Compensation to Business Owners Subject of The Takeover Powers
The power to take-over or direct the operation of privately-owned public utilities or businesses affected with public interest is an exercise of police power, defined as “state authority to enact legislation that may interfere with personal liberty or property in order to promote the general welfare” [Agan, et al., v. Philippine International Air Terminals Co., Inc., et al., supra]. It is also, by its very nature and limitations, temporary in nature. Moreover, the temporary takeover by the government extends only to the operation of the public utility or business and not to its ownership. Hence, government is not required to compensate the private entity-owner of the said public utility or business [Agan, et al., v. Philippine International Air Terminals Co., Inc., et al., supra].

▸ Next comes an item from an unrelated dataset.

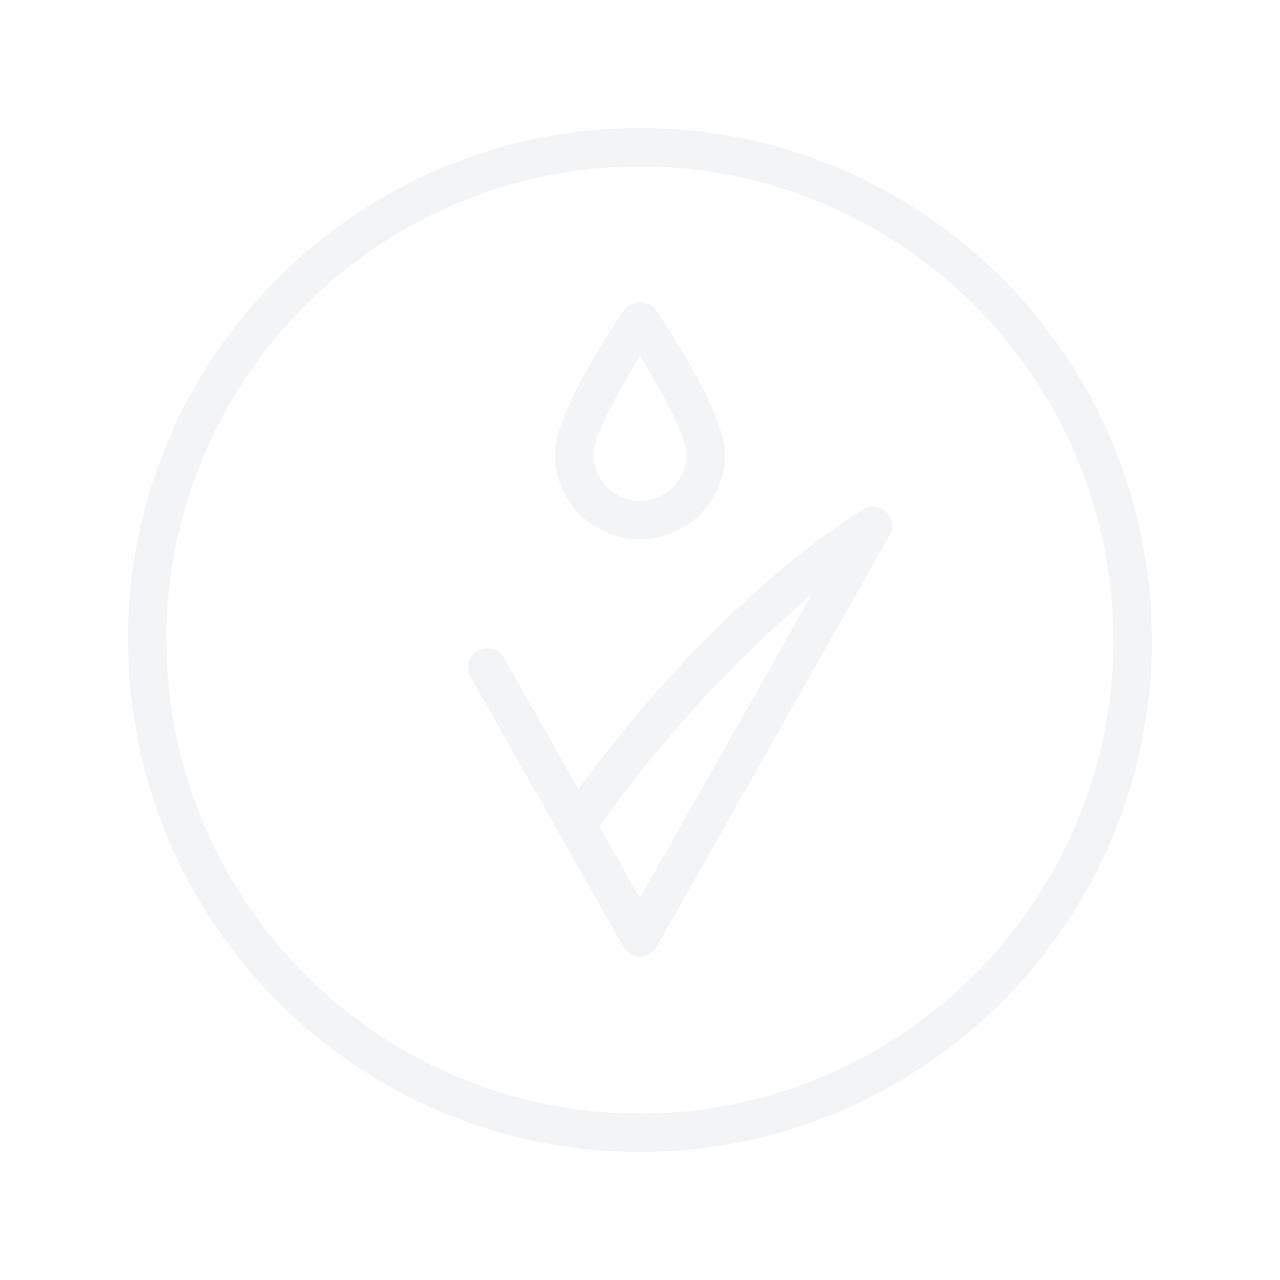 BIODROGA Anti-Age Cell Firming Eye Care 15ml

This temporary takeover power arising from police power should be distinguished from another inherent power to the state, eminent domain, which contemplates an appropriation of interest over private property permanent in character of property, where ownership transfers to the government, and such property is applied to some public purpose. In such a case, government is mandated to provide just compensation to the private owner affected [Manila Memorial Park, Inc., et al. v. Secretary of the DSWD, et al., 711 SCRA 302 (2013)].
Even if there is no requirement to compensate, there have been instances that the payment of just compensation to the owner of the enterprise or entity has been considered. In fact, Republic Act No. 11469 itself provides that owners of establishments subject of temporary takeover are entitled to appropriate compensation based on its full accounting [Section 4(b)].
This article is intended for informational purposes only and should not be construed as legal advice.